PURPOSE: To determine whether granulocyte colony-stimulating factor (G-CSF; lenograstim) decreases the incidence of febrile neutropenia after induction courses in treatment of childhood non-Hodgkin’s lymphoma (NHL).

PATIENTS AND METHODS: Patients were randomized to receive (G-CSF+) or not receive (G-CSF-) prophylactic G-CSF, 5 µg/kg/d, from day 7 until an absolute neutrophil count >= 500/µL was sustained over 48 hours, after two consecutive induction courses of cyclophosphamide 1.5 or 3 g/m2, vincristine 2 mg/m2, prednisone 60 mg/m2/d x 5, doxorubicin 60 mg/m2, high-dose methotrexate 3 or 8 g/m2, and intrathecal injections (COPAD[M]) on protocols LMB89, LMT89, and HM91 of the French Society of Pediatric Oncology.

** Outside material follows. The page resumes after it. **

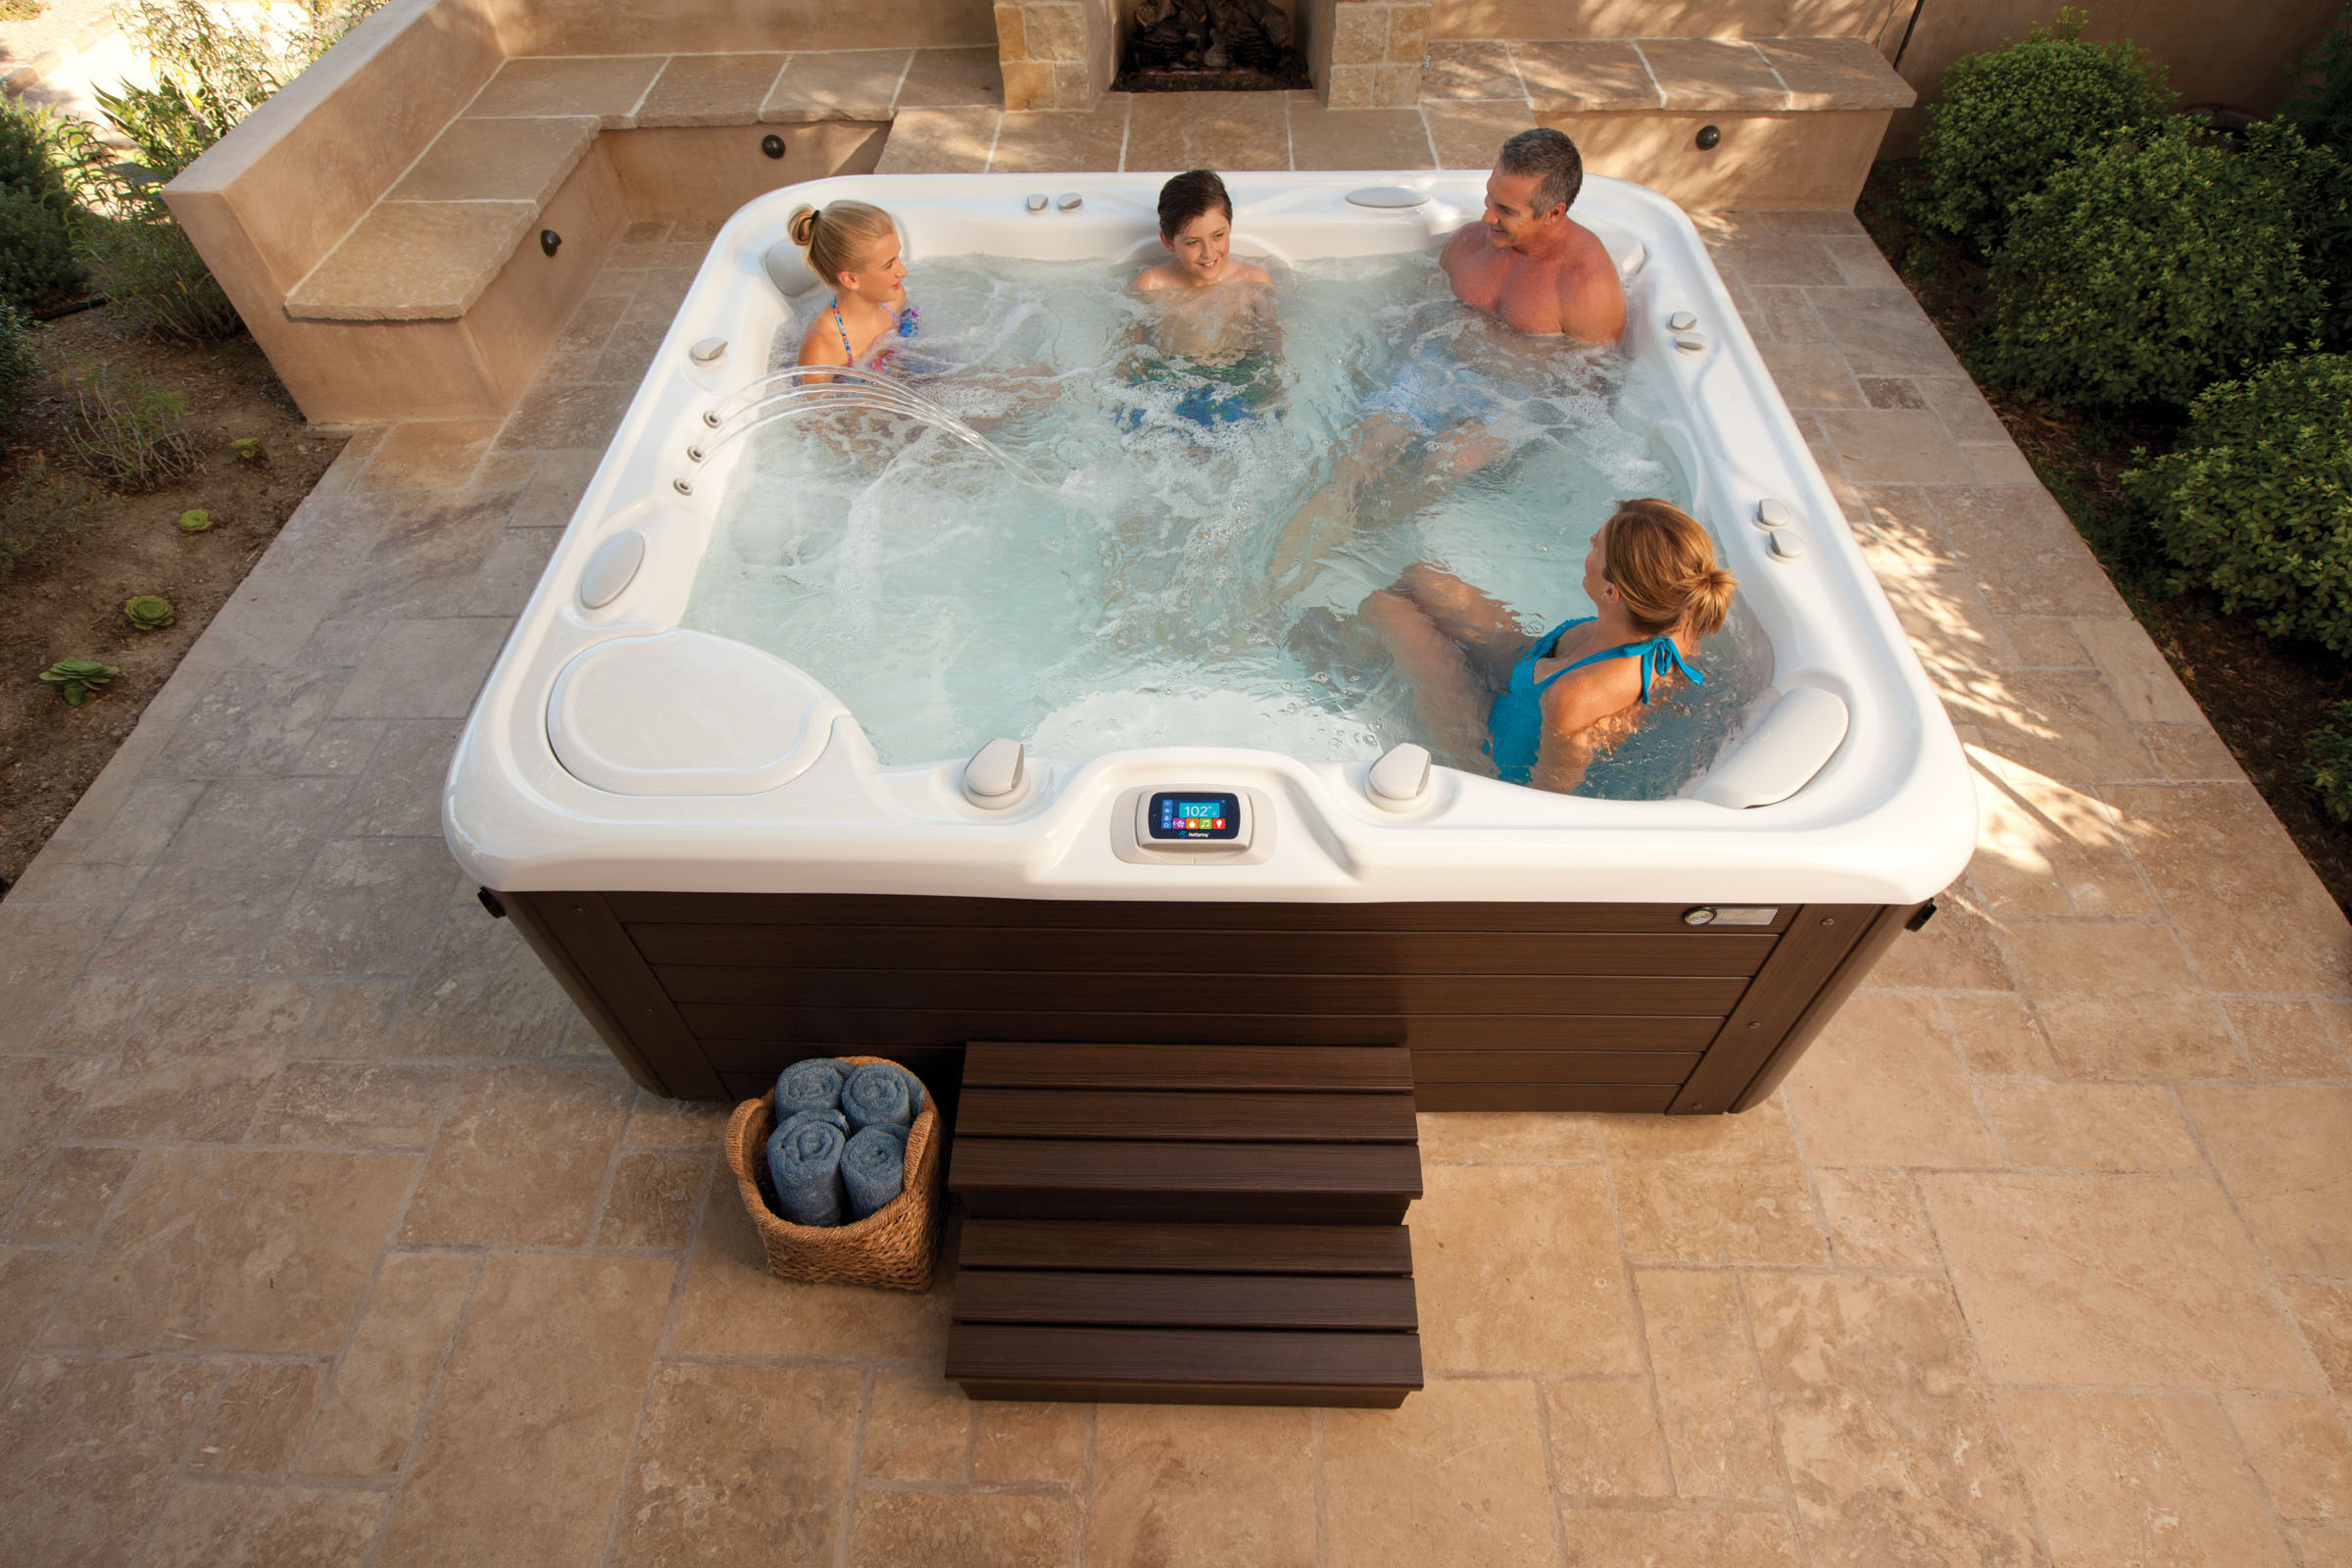 ace financing event tub spas hotspring sale spring may hot water salt instagram

RESULTS: One hundred forty-eight patients were assessable, 75 G-CSF+ and 73 G-CSF-. Although duration of neutropenia less than 500/µL was 3 days shorter in G-CSF+ patients (P = 10-4), incidence of febrile neutropenia (89% v 93% in the first course, 88% v 88% in the second course), durations of hospitalization and antimicrobial therapy, percentages of infections, mucositis, and transfusions were not significantly different. Although the percentage of G-CSF+ patients commencing the following course on day 21 was significantly higher (84% v 68% after the first and 57% v 38% after the second course; P < .05), the median delay between the two courses was only 1 day less in G-CSF+ patients (median delay after first COPAD(M), 19 v 20 days, P = .01; after second, 21 v 22 days, P = not significant). Remission and survival rates were similar in both arms.

CONCLUSION: This study demonstrates that G-CSF did not decrease treatment-related morbidity, nor increase the dose-intensity in children undergoing COPAD(M) induction chemotherapy for NHL.